Prior to JDK7, parallel processing of data sets was cumbersome. First, you need to clearly divide the data structure containing data into several sub parts. Second, you need to allocate an independent thread to each sub part; Third, you need to synchronize them at the right time to avoid unwanted race conditions, wait for all threads to complete, and finally merge these parts.
Doug Lea introduced the fork/join framework in JDK7 to make these operations more stable and less error prone.
Main contents of this section:
1. Use parallel stream to process data in parallel
2. Performance analysis of parallel flow
3. fork/join framework
4. Use splitter to split the flow
After learning this section, you are expected to achieve:
1. Skillfully use parallel flow to accelerate business performance
2. Understand the internal working principle of the flow to prevent misuse
3. Control the division mode of data block through splitter
Parallel stream
You can convert a data source to a parallel stream by calling the parallelStream method on the data source. Parallel flow is a flow that divides the content into multiple data blocks and processes each data block with different threads. This automatically transfers the workload to multi-core parallel processing.
Consider the following implementation: given a positive integer n, calculate the sum of 1 + 2 +... N.
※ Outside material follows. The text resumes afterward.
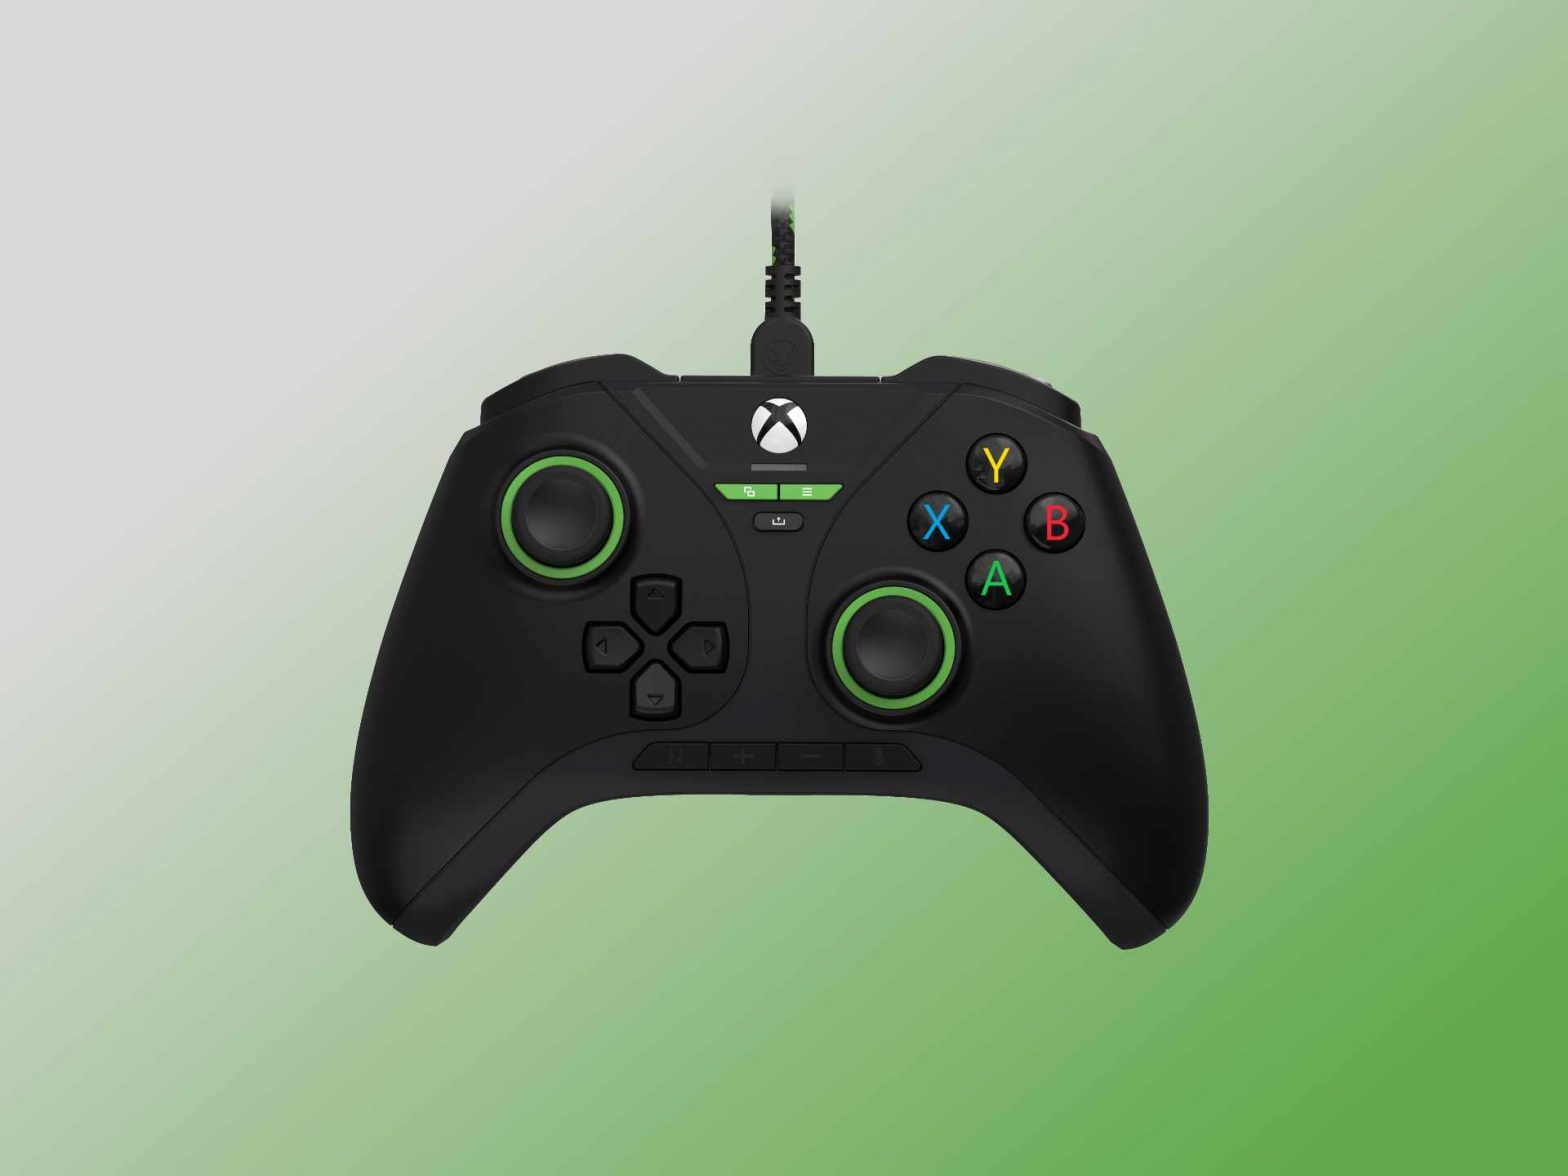 snakebyte stellt mehrere Xbox-Controller mit Hall-Effekt-Sensoren vor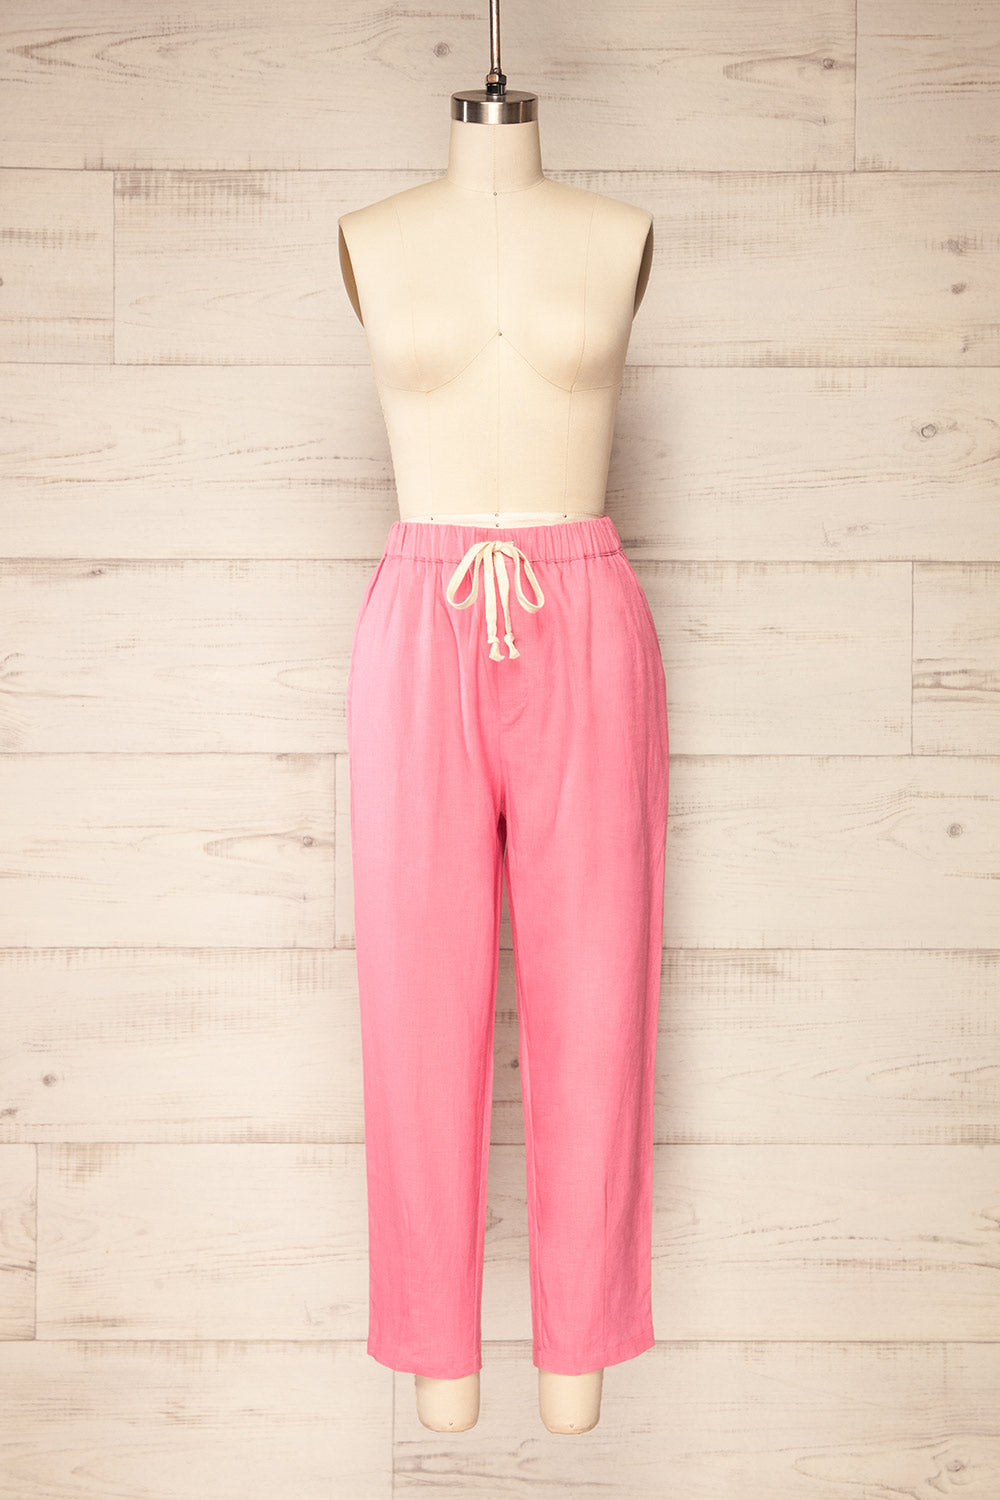 Trincao Pink Linen Pants with Drawstrings | La petite garçonne front view

Implementation using stream:
private static long sequentialSum(long n) { return Stream.iterate(1L, i -> i + 1).limit(n).reduce(0L, Long::sum); }
Convert the above sequential stream to parallel stream, and the implementation is as follows:
private static long parallelSum(long n) { return Stream.iterate(1L, i -> i + 1).limit(n).parallel().reduce(0L, Long::sum); }
That is, the sequential flow can be converted into parallel flow by calling the method parallel.
However, it should be noted that the stream starts to execute only when the terminal operates, so whether the current stream is a sequential stream or a parallel stream depends on the stream type closest to the terminal operation, for example:
list.stream().parallel().filter(e -> e.age > 20).sequential().map(...).parallel().collect(...);
In this case, it is not expected to use parallel streams to perform filtering and then sequential streams to perform mapping transformation. Instead, the entire pipeline operation is executed as a parallel stream.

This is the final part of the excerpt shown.